Было видно, старик и сам загорелся…
- С чего начнем, Леонид Евсеич?..
- А начнем с романтики и любви! - говорит Евсеич. – Пока мне нужна дюжина отличников да автобус. Поедем во Владивосток, а то у вас тут места, конечно, живописные, но дикие и наших читателей пугать будут...
- Надо отобрать самых лучших людей, - говорит начпо. – Первоклассных специалистов, передовиков, по одному с каждой лодки. С «пээмки» одного, там у них кандидат в члены партии, который недавно медаль получил, забыл фамилию. Да, и с торпедолова. Того героического парнишку, который в шторм торпеду усмирил. Ну, ты понял, действуй!..
Через час в коридоре штаба стояли двенадцать орлов, выдернутых с занятий. Неброские внешне, но на таких, как говорится, флот держится.
Вышел корреспондент.
- Это кто такие? – спрашивает.
- Лучшие из лучших! Отличники!
Кавторанг в джинсах и говорит:
- Идите-ка, покурите, ребята. - И на меня. - Кого ты ко мне привел?!
- Комсомольцы, молодые коммунисты. Самые...
- Так! А где у вас тут гауптвахта?..
Ничего не понимая, я повел гостя на гауптвахту.
Начальник гарнизонной «кичи» мичман Никуйко завсегда рад посетителям. С ними казематная жизнь веселей. Да и польза случается немалая. Например, лишняя чекушка «шила», завернутая в «Красную звезду» - это чтобы без очереди арестанта приняли. И чтоб стружка с него ровнее шла.
На сей раз к нему пришли с пустыми руками. И так случается...

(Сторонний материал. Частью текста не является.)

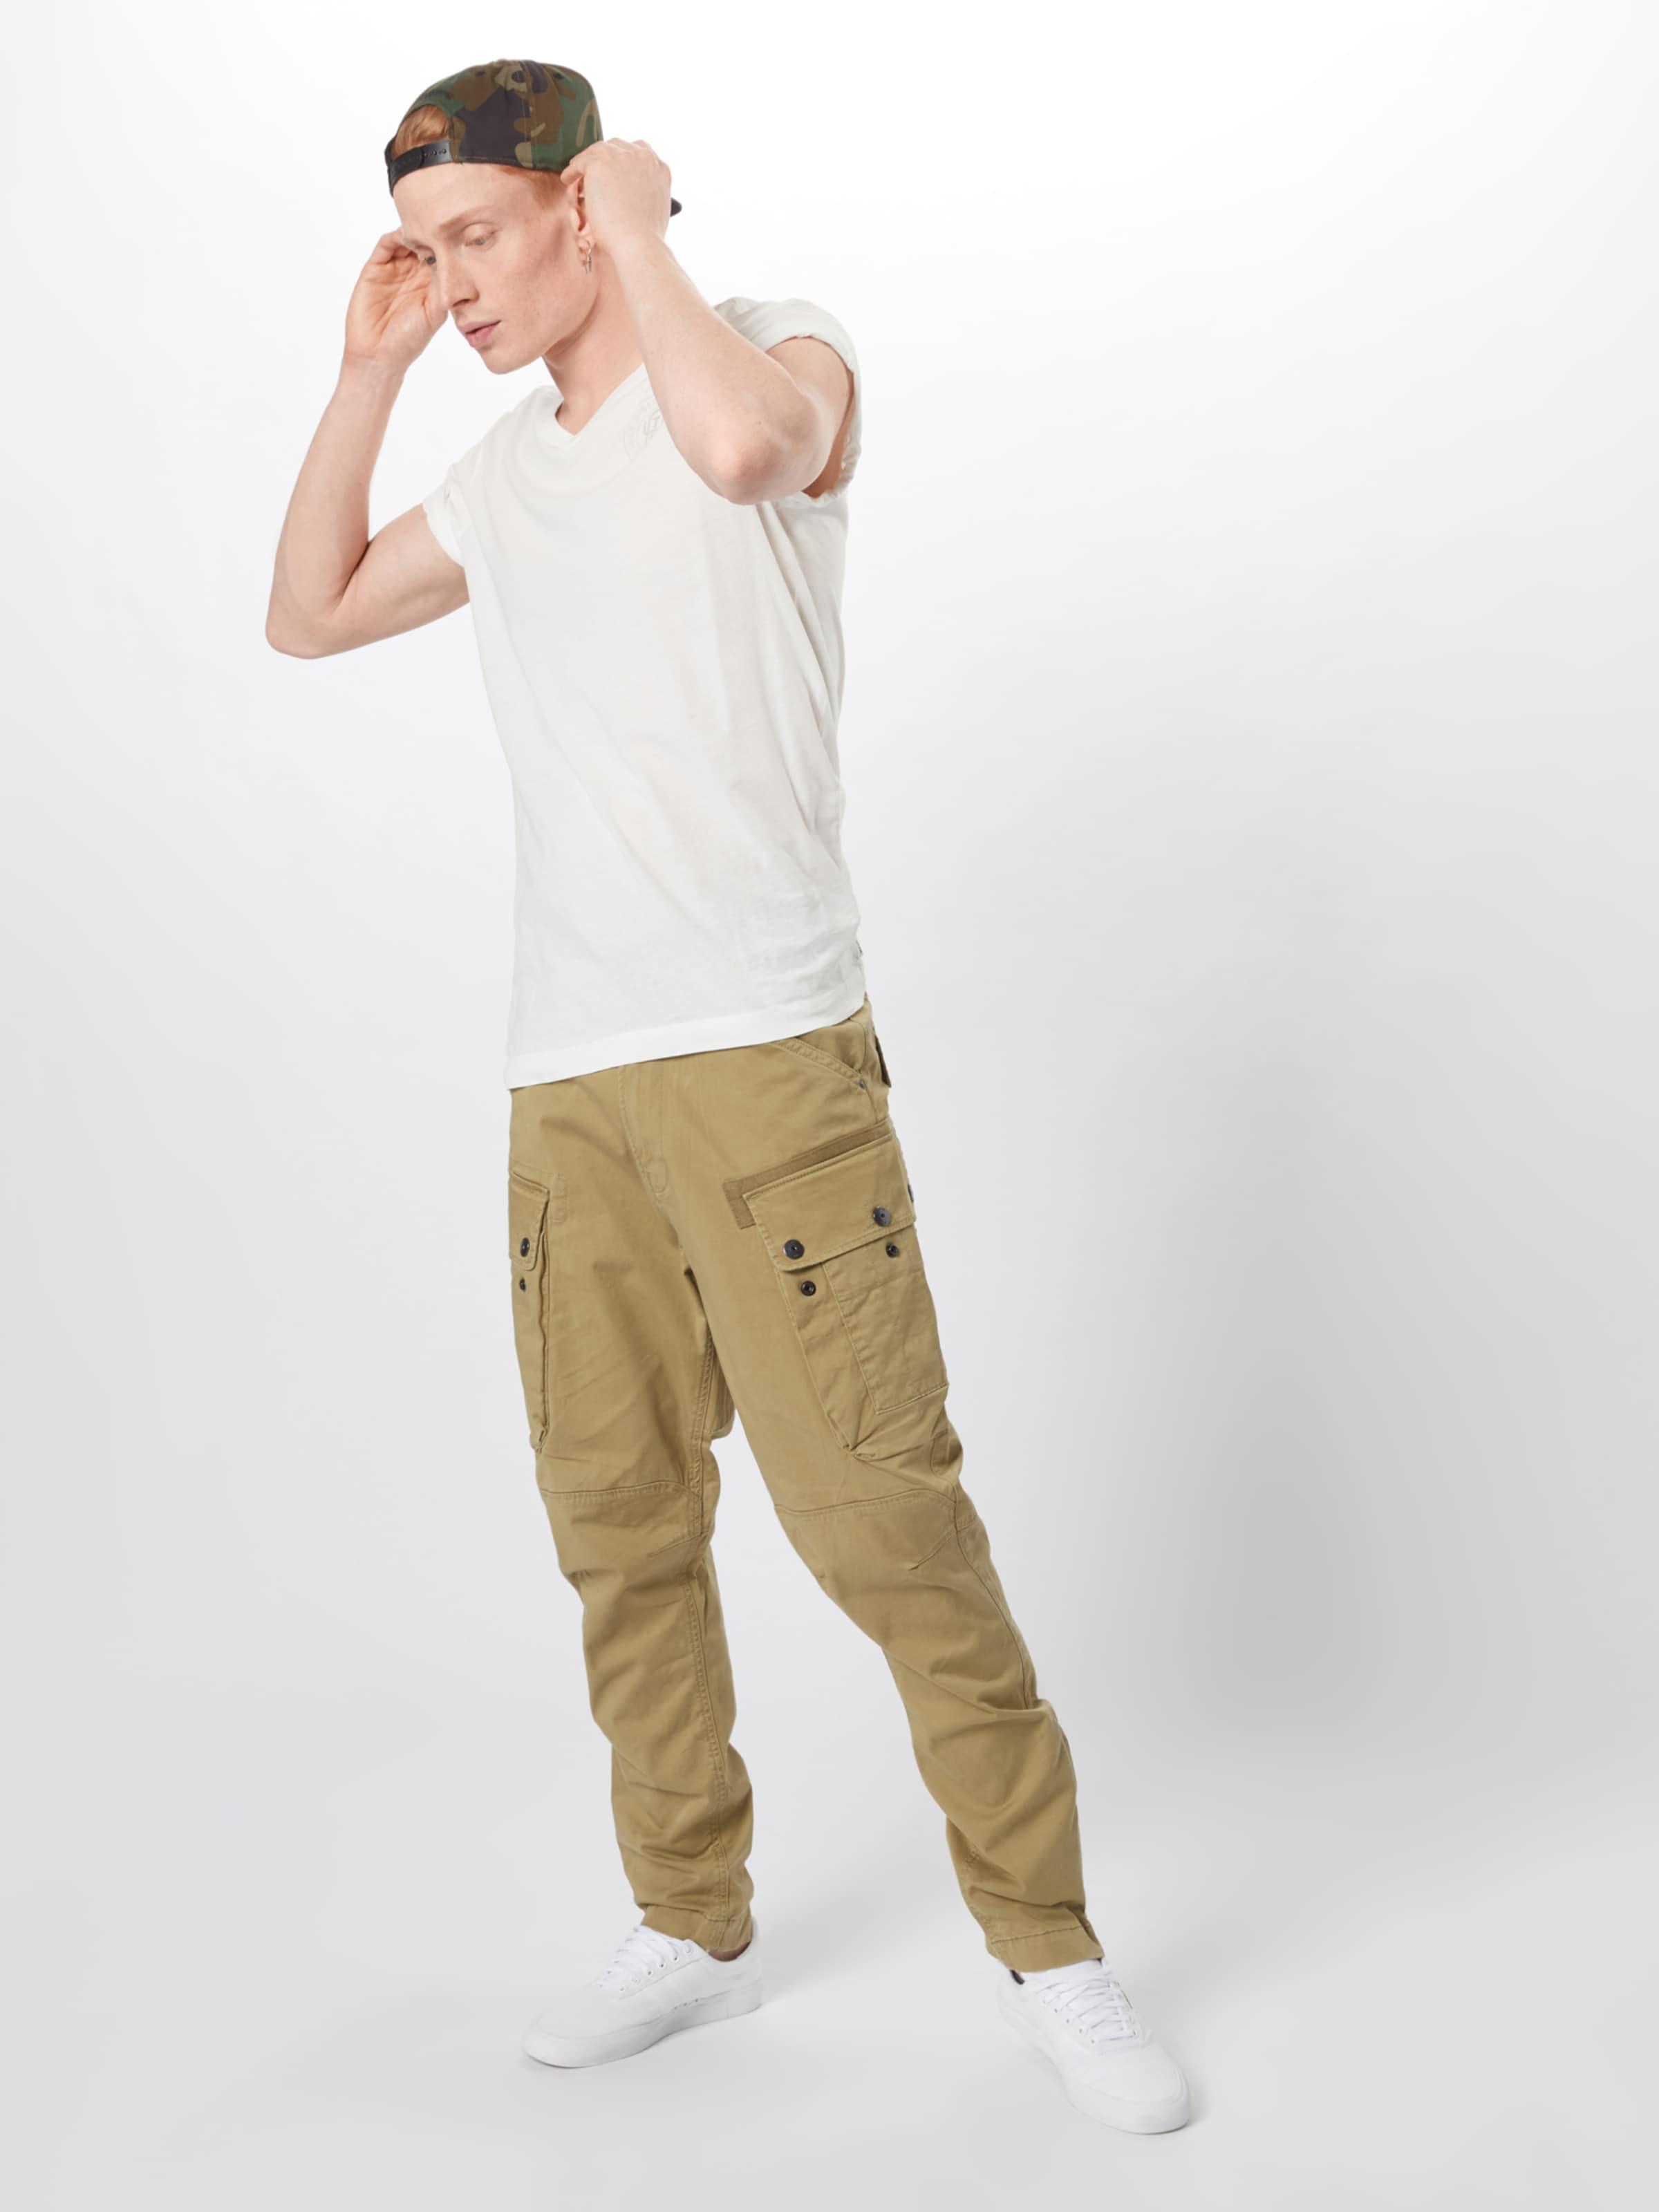 Pantalon star Cargo 'dustor' Raw En Kaki G jcLAq35R4

Построить наличный состав? Есть! По бетонным коридорам полетел бой колоколов, послышался стук прогар, ботинки такие, из кожи динозавров.
Видели старый-престарый, большевистский фильм «Оптимистическая трагедия»? Там еще ватага «Анархия – мать порядка» с Сиплым во главе. Если видели, значит, можете себе представить живописную картину, которая предстала. Только вместо Сиплого – на дух не переносящий анархии мичман Никуйко.

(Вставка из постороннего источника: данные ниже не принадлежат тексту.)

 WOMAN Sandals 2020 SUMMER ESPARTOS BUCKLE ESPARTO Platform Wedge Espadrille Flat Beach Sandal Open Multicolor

А за спиной его - рослые красавцы-гвардейцы, на славу откормленные, с наглыми рожами вечных залетчиков. Та же ватага, только временно застегнутая на все пуговицы.
Никуйко - не Сиплый, у него не забалуешь…
- А ты говоришь, отличники, - любовался статью и здоровьем чудной фотограф. – Значит так! Помыть, побрить! Одеть по первому сроку! Завтра к 12.00 жду во Владивостоке на площади штаба ТОФ…
Повернулся и пошел, насвистывая.
Помытая, побритая, «шипром» орошенная, в форме два первого срока «анархия» в 4.00 утра сидела в гарнизонном «Пазике». Через триста верст и 8 часов мы вкатились на самую красивую площадь Владивостока: справа - трубач в буденовке, с тяжким знаменем, слева - штаб, прямо – бухта Золотой Рог с парадно-показательной 201-й бригадой противолодочных кораблей.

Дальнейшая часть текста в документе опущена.